The overseer uses it like this (in a slash command or CLAUDE.md workflow):

Overseer delegation pattern
1. Identify the scope: which files, what change, what success looks like.
2. Tell the user: "Sending these N files to workhorse: [list]"
3. Dispatch to workhorse via Agent tool with the scoped task.
4. MANDATORY: Read the affected files after workhorse completes.
5. Verify the output matches intent before reporting back.

Step 4 is not optional. The workhorse is fast and cheap, not infallible. The overseer’s review is what makes the pattern safe.

Approach 2: The Shell-Out (Slash Command Style)

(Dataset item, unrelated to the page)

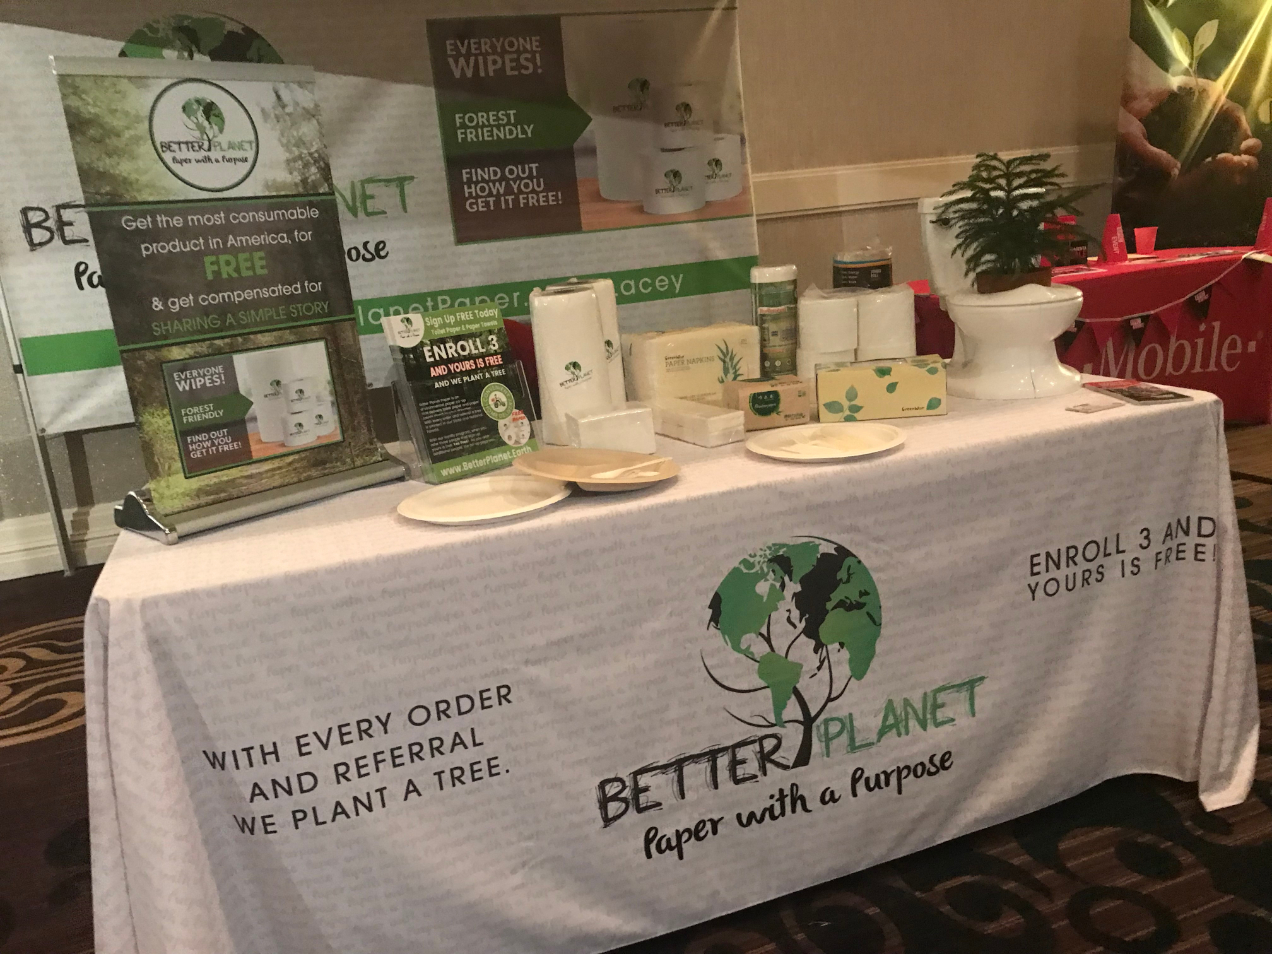 trade show display for better planet paper with a purpose
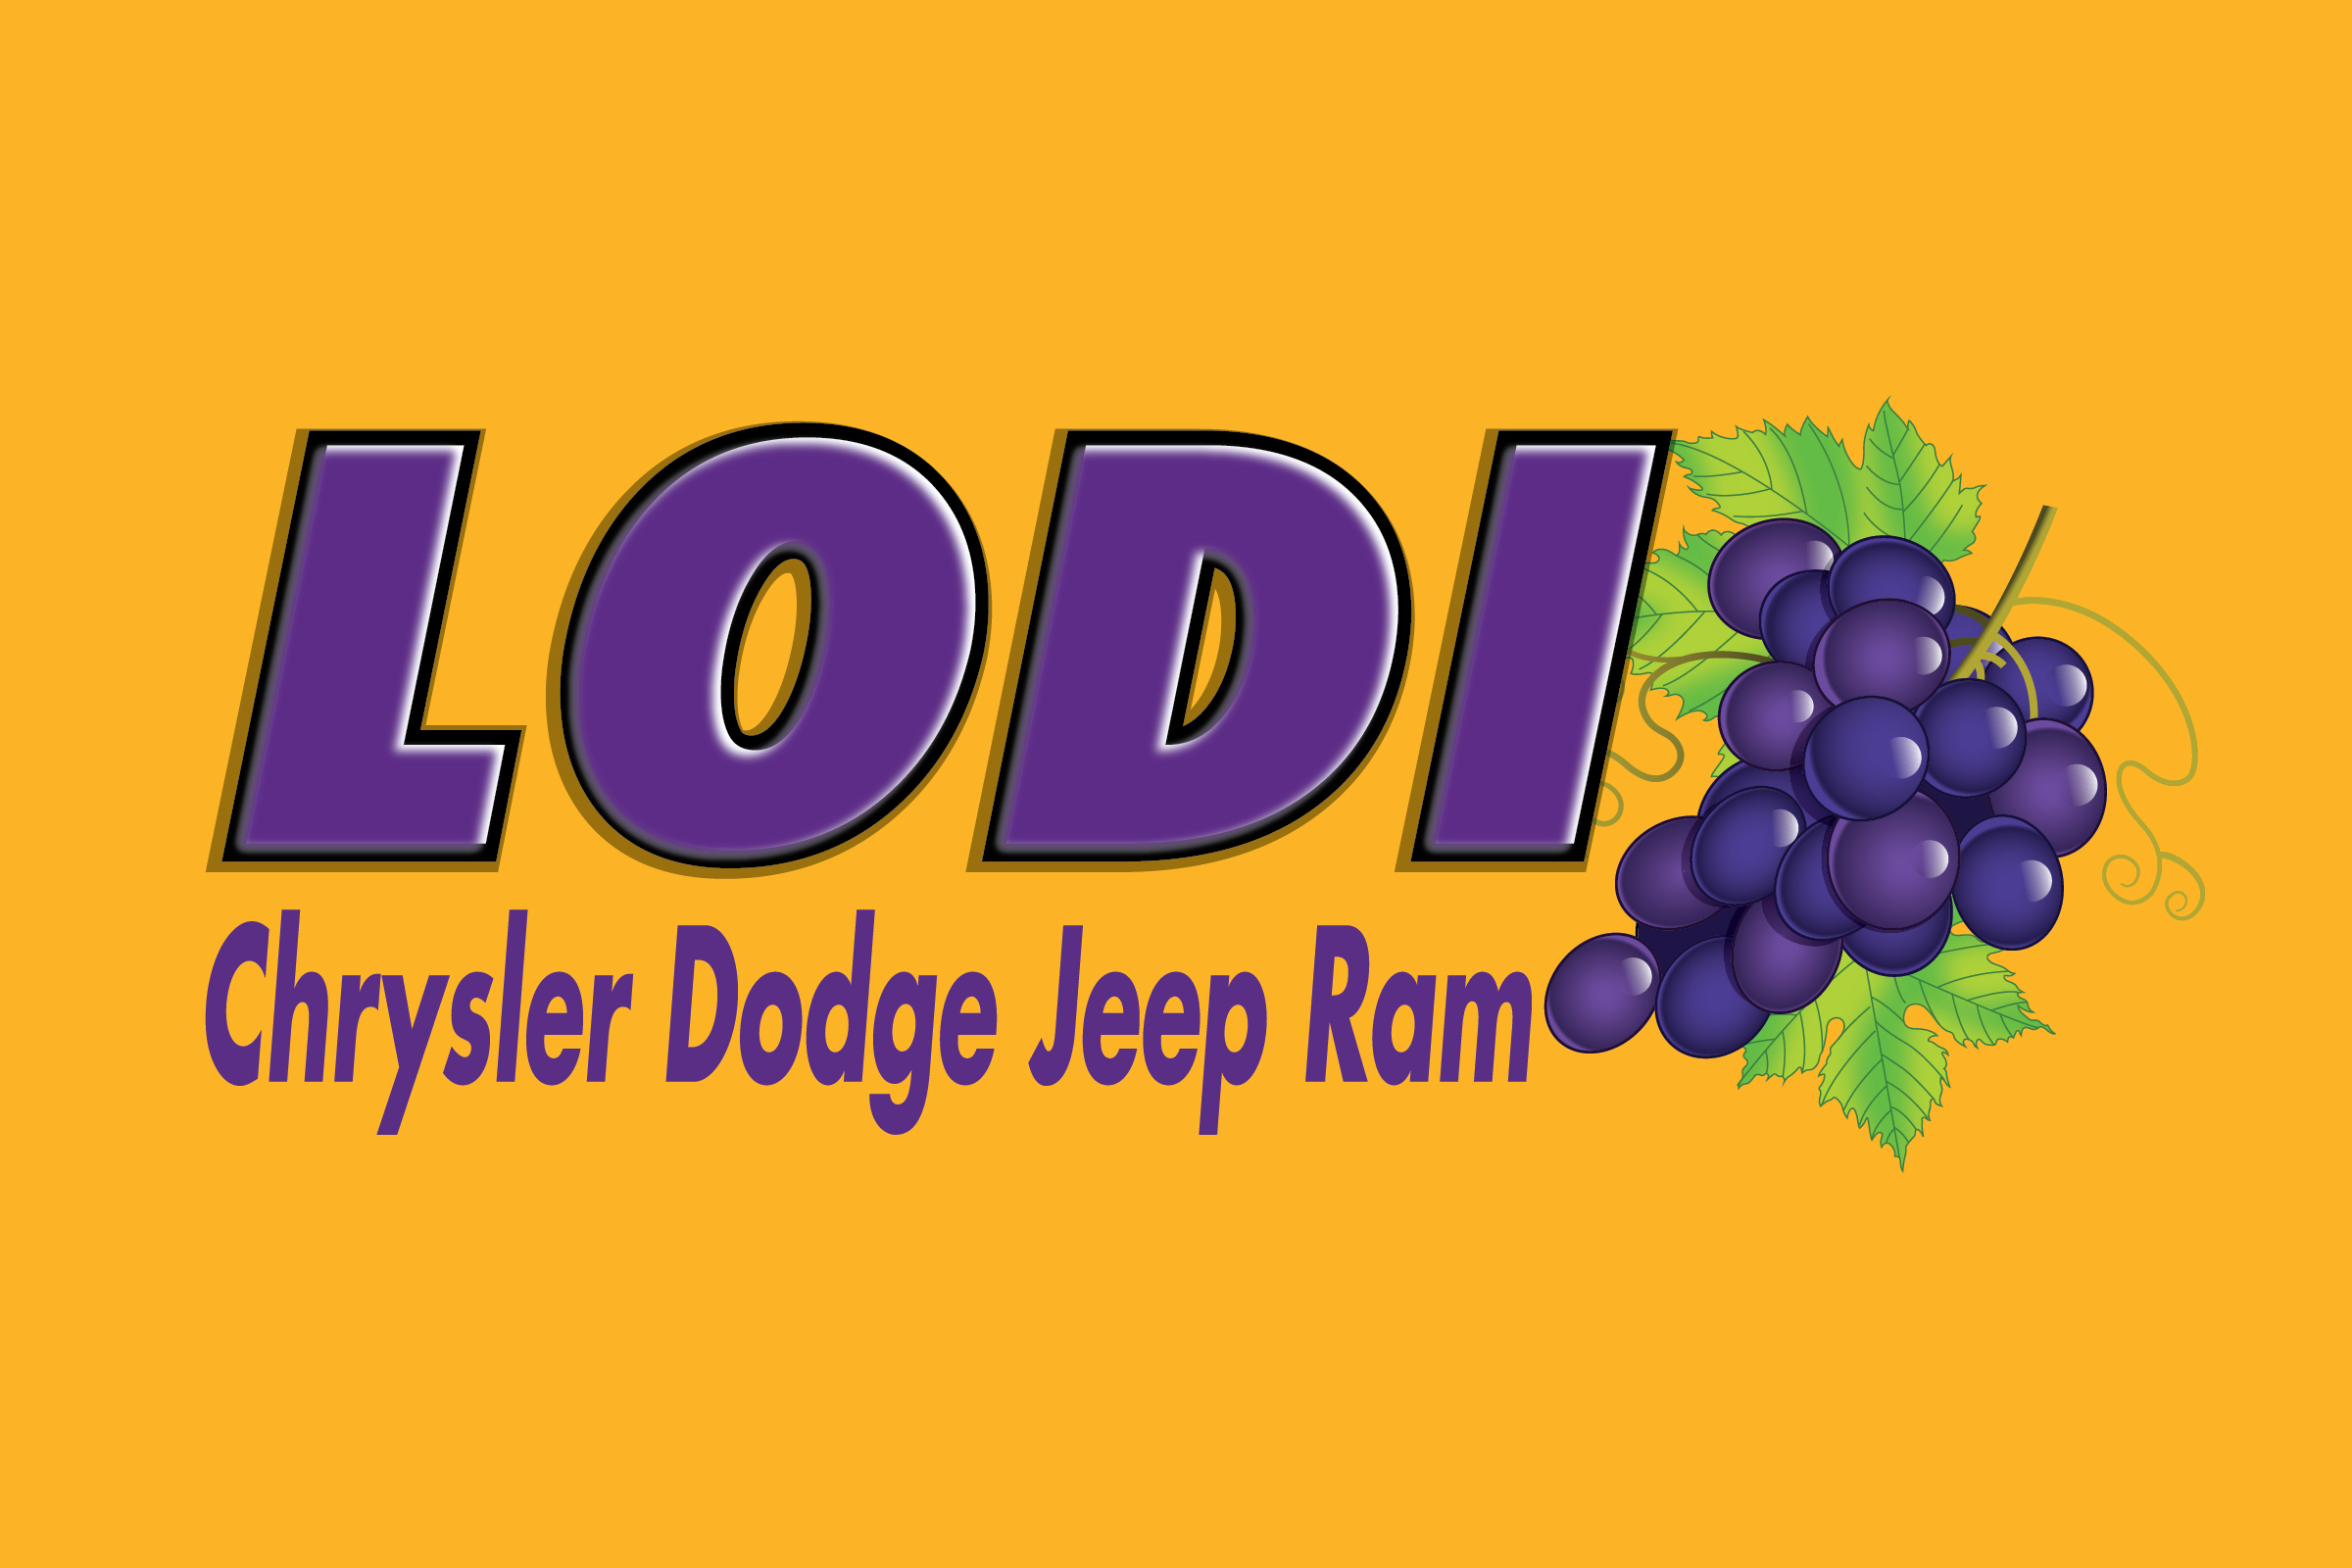 Lodi_with website Yellow BG_Full Color Option 1

This is the shell-out version I originally built — the overseer shells out to an external CLI that calls a cheap model. It’s more flexible because you can point it at any endpoint: a local Ollama server, a cloud API, whatever.

Terminal window
# Pattern: overseer shells out to a cheap model CLI
# What I actually ran was GitHub's `copilot` CLI pointed at a cheap model
copilot --model gpt-5-mini --yolo --silent -p "{{scoped_task_prompt}}"

That specific tool isn’t the point — anything that takes a prompt and returns a result works. The companion guide swaps this for a small local script that hits a self-hosted model, so the workhorse costs nothing and your code never leaves the box.

The Claude Code slash command that wrapped this:

.claude/commands/delegate.md
Delegate a mechanical coding task to the cheap workhorse model.
Steps:
1. Identify the scope. Tell the user which files are being sent.
2. Run: copilot --model <cheap-model> --yolo --silent -p "<scoped task>"
3. Read ALL affected files after the command completes.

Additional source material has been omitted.